# Data Anonymizer

DataAnonymizer handles anonymization in free text columns by using named entity recognition (NER) with a pretrained mdoel from the [transformers](https://huggingface.co/transformers/) package to pick up entities such as location and person, generate a MD5 hash for the entity, replaces the entity with the hash, and stores the hash to entity in a dictionary for de-anonymization. A similar process is repeated for categorical columns, without the use of NER.

This notebook will demonstrate the usage of this by testing it on some Wikipedia data.

### Grab some data from Wikipedia

In [1]:
import wikipedia
import pandas as pd
import ner_anonymizer



In [2]:
person = []
page_content = []

for _person in ["Andrew Ng", "Jacinda Ardern"]:
    person.append(_person)
    page_content.append(wikipedia.page(wikipedia.search(_person)[0]).content)

In [3]:
df = pd.DataFrame({"person": person,
                   "page_content": page_content})
df.head()

Unnamed: 0,person,page_content
0,Andrew Ng,Andrew Yan-Tak Ng (Chinese: 吳恩達; born 1976) is...
1,Jacinda Ardern,"Jacinda Kate Laurell Ardern (, NZ pronunciatio..."


In [4]:
df.page_content[0][:1000]

'Andrew Yan-Tak Ng (Chinese: 吳恩達; born 1976) is a British-born American businessman, computer scientist, investor, and writer. He is focusing on machine learning and AI. As a businessman and investor, Ng co-founded and led Google Brain and was a former Vice President and Chief Scientist at Baidu, building the company\'s Artificial Intelligence Group into a team of several thousand people.Ng is an adjunct professor at Stanford University (formerly associate professor and Director of its AI Lab). Also a pioneer in online education, Ng co-founded Coursera and deeplearning.ai. He has successfully spearheaded many efforts to "democratize deep learning" teaching over 2.5 million students through his online courses. He is one of the world\'s most famous and influential computer scientists being named one of Time magazine\'s 100 Most Influential People in 2012, and Fast Company\'s Most Creative People in 2014. Since 2018 he launched and currently heads AI Fund, initially a $175-million investm

In [5]:
df.page_content[1][:1000]

'Jacinda Kate Laurell Ardern (, NZ pronunciation ; born 26 July 1980) is a New Zealand politician who has served as the 40th prime minister of New Zealand and leader of the Labour Party since 2017. She has been the member of Parliament (MP) for Mount Albert since March 2017, having first been elected to the House of Representatives as a list MP in 2008.Born in Hamilton, Ardern grew up in Morrinsville and Murupara, where she attended a state school. After graduating from the University of Waikato in 2001, Ardern began her career working as a researcher in the office of Prime Minister Helen Clark. She later worked in London, within the Cabinet Office, and was elected president of the International Union of Socialist Youth. Ardern was first elected as an MP in the 2008 general election, when Labour lost power after nine years. She was later elected to represent the Mount Albert electorate in a by-election in February 2017.\nArdern was unanimously elected as deputy leader of the Labour Par

### Anonymize Data

In [6]:
# initialize anonymizer
anonymizer = ner_anonymizer.DataAnonymizer(pretrained_model_name="dslim/bert-base-NER")

In [7]:
# specify free text columns, categorical columns, as well as any other regex 
# you might want to include to hash the free text columns.
# MOTE: this will take some time to download the model & iterate across the 
#       whole dataset. Have a coffee or go for a run!

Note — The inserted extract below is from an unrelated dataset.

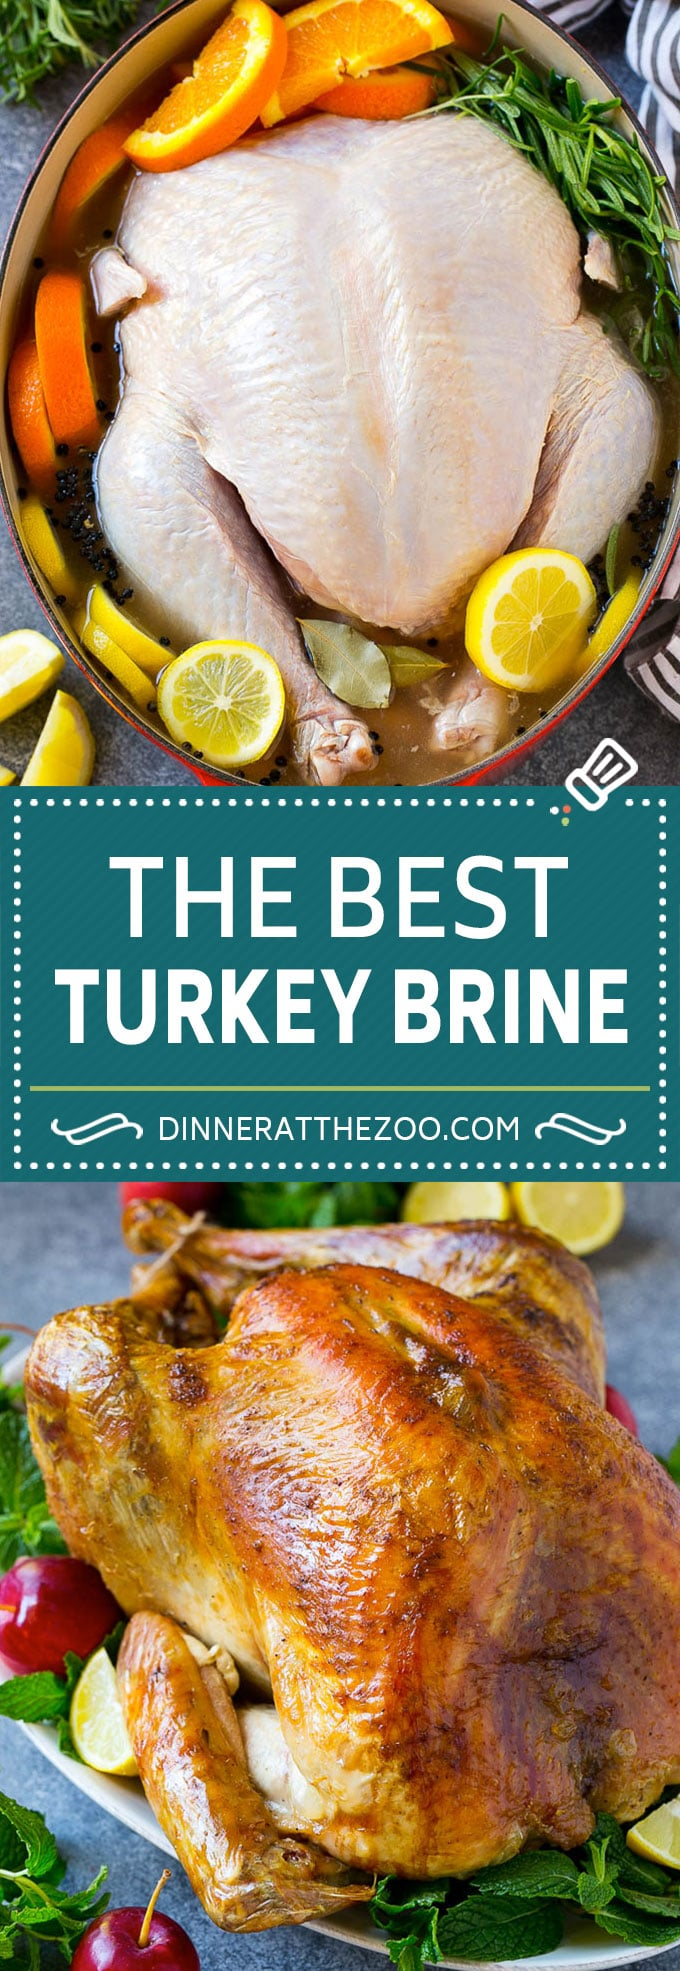 Turkey Brine Recipe | Brined Turkey | Roasted Turkey | Thanksgiving Turkey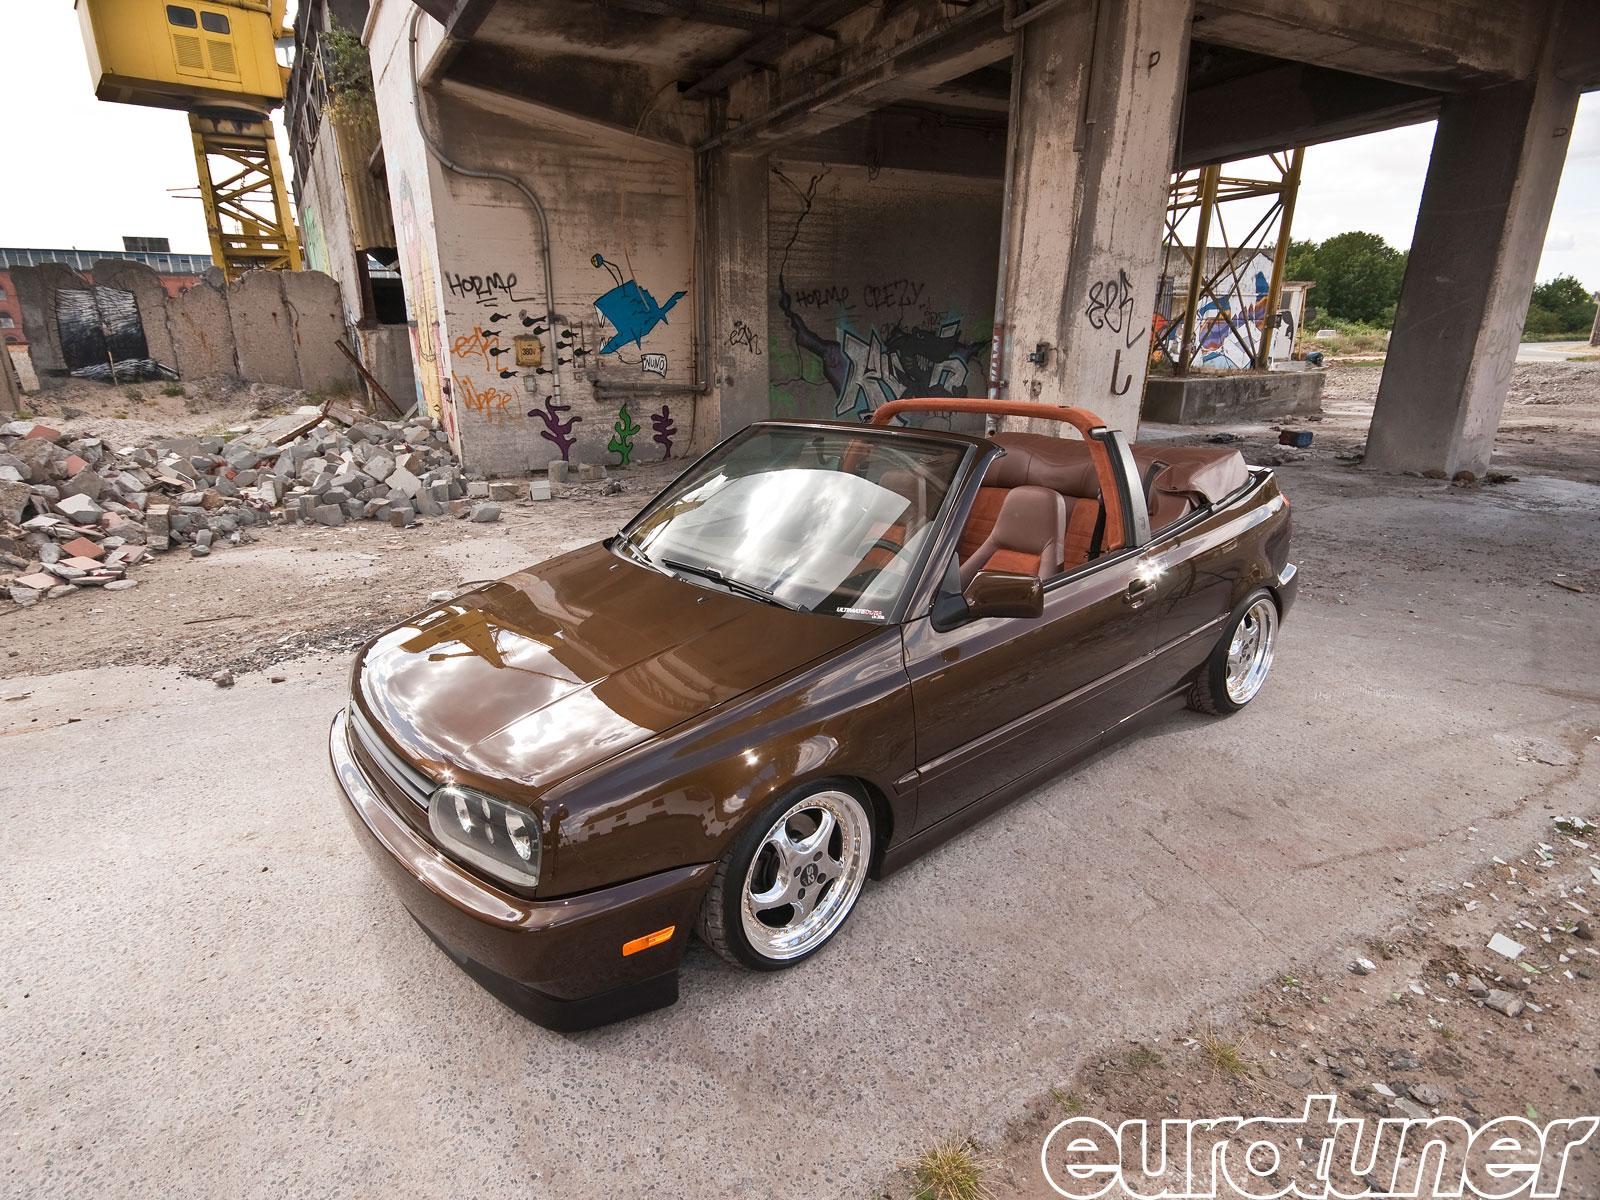 1993 Mk3 Vw Golf Cabriolet Giuseppe Reho S Brown Vision

anonymized_df, hash_dictionary = anonymizer.anonymize(
    df=df,
    free_text_columns=["page_content"],
    free_text_additional_regex_to_hash={
        "page_content": ["[0-9]{7, 9}"] # to pick up potential handphone numbers
    },
    categorical_columns=["person"]
)

You may choose to select a different pretrained model from the links below:
* https://huggingface.co/transformers/pretrained_models.html
* https://huggingface.co/models

In [8]:
anonymized_df.head()

Unnamed: 0,person,page_content
0,d4e4d49054268e95b9f7952db8c0536b,8aae3a73a9a43ee6b04dfd986fe9d136 ff9af30819fb3...
1,e4c6d0199151ba16ffba9985213c86bf,12e124e5371137dadfeb0fa797958e92 67ac1f0779736...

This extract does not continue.